Der Grundidee des Jahrbuchs Öffentliche Sicherheit sind mehrere Detailstudien besonders verpflichtet. So beispielsweise Maximilian Kreters Betrachtung: „Zwischen Ideologie, Geschäft und Subkultur – die Rechtsrockszene in Sachsen“ oder der Beitrag von Christoph Kopke: „Unpolitische Amoktat, rechtsterroristisches Attentat, Hasskriminalität? Zur Frage und Diskussion der Bewertung des mehrfachen Mordes des David S. am Münchener Olympia Einkaufszentrum im Juli 2016.“ Hier ist auch Stefan Goertz Darstellung „Eine Analyse der Phänomenbereiche Rechtsextremismus sowie ‚Reichsbürger‘ und ‚Selbstverwalter‘ zu nennen.

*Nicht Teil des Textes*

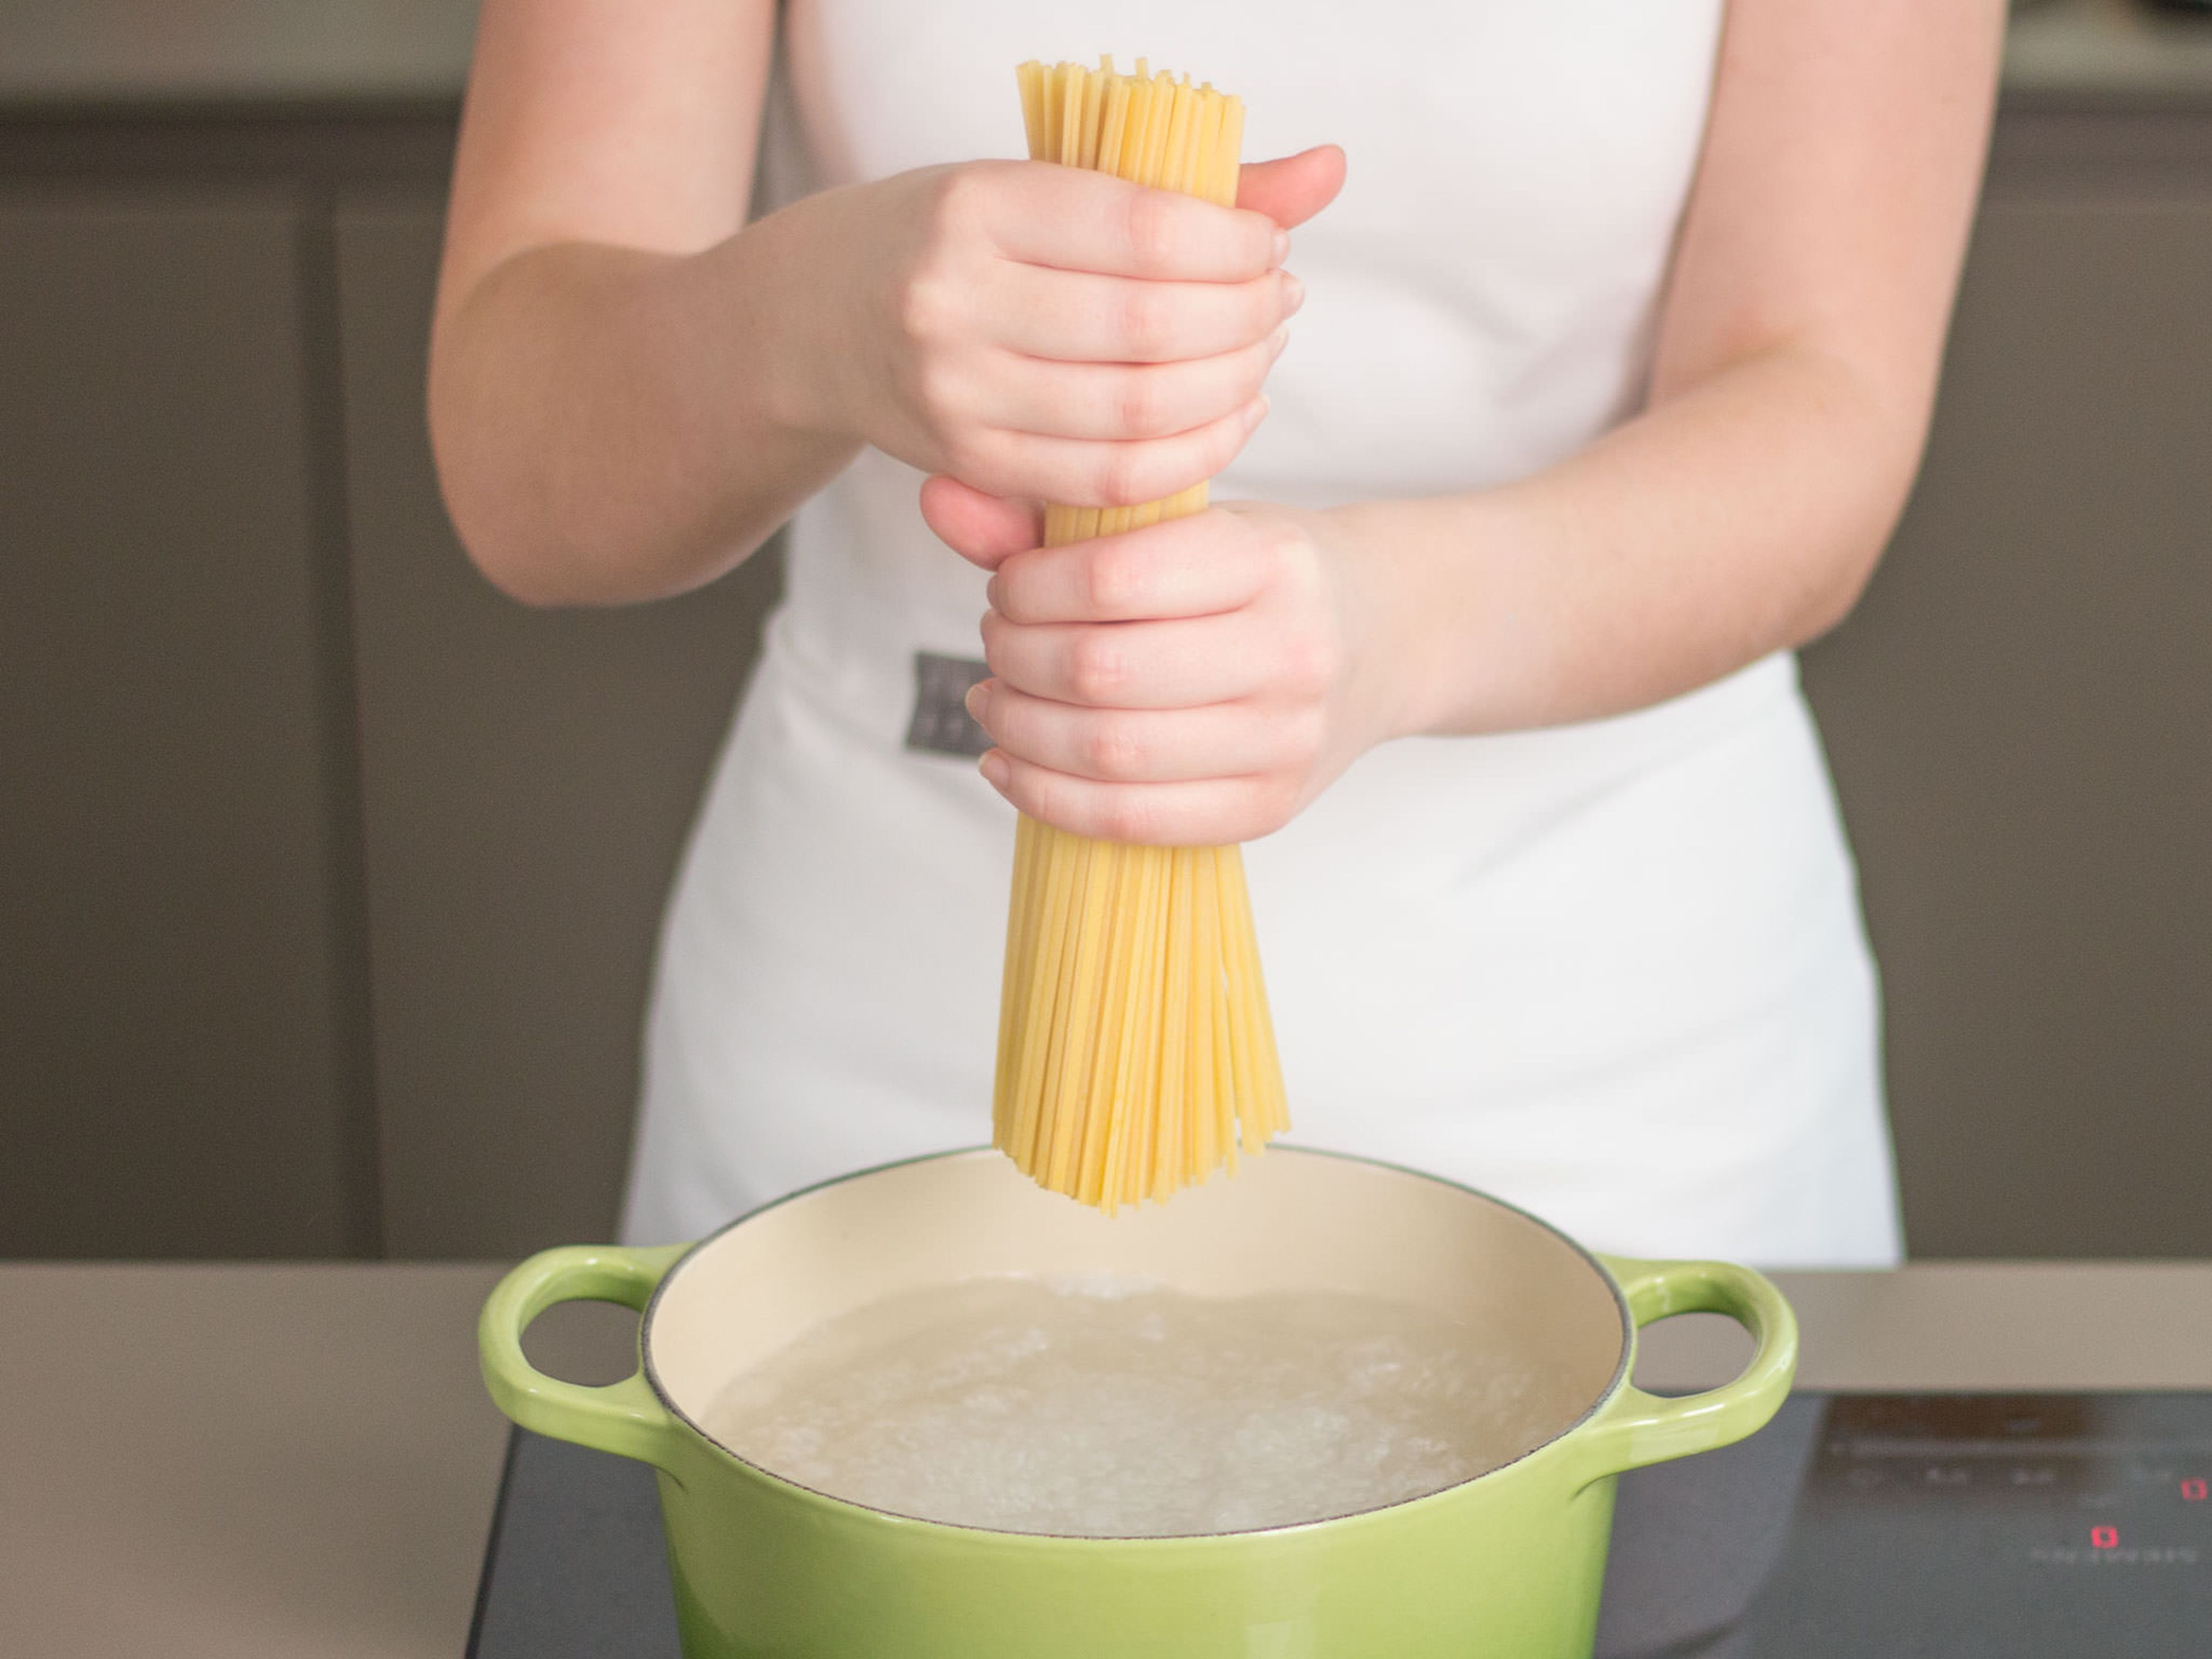 In a large saucepan, cook linguine in salted boiling water over medium heat for approx. 7 – 12 min. until al dente. Drain and set aside. Reserve a small amount of pasta water for step 4.

Das Gesamtbild runden Überblicksdarstellungen ab. Hierunter fällt auch der Beitrag von Carsten Müller, der sich dem sattsam bekannten Problem widmet, Terrorismus begrifflich zu fassen. Hierzu zählt auch Stefan Briegers Betrachtung: „Vereinsverbote in den deutschen Ländern – Effizienz und Angemessenheit im Praxistest am Beispiel Brandenburgs.“

In der Summe steht das Jahrbuch Öffentliche Sicherheit seit mehr als 15 Jahren in einer kurzen Reihe von Publikationen, die für eine aktuelle Betrachtung der Themen aus dem weiten Feld der „Inneren Sicherheit“ eine wertvolle Grundlage bilden.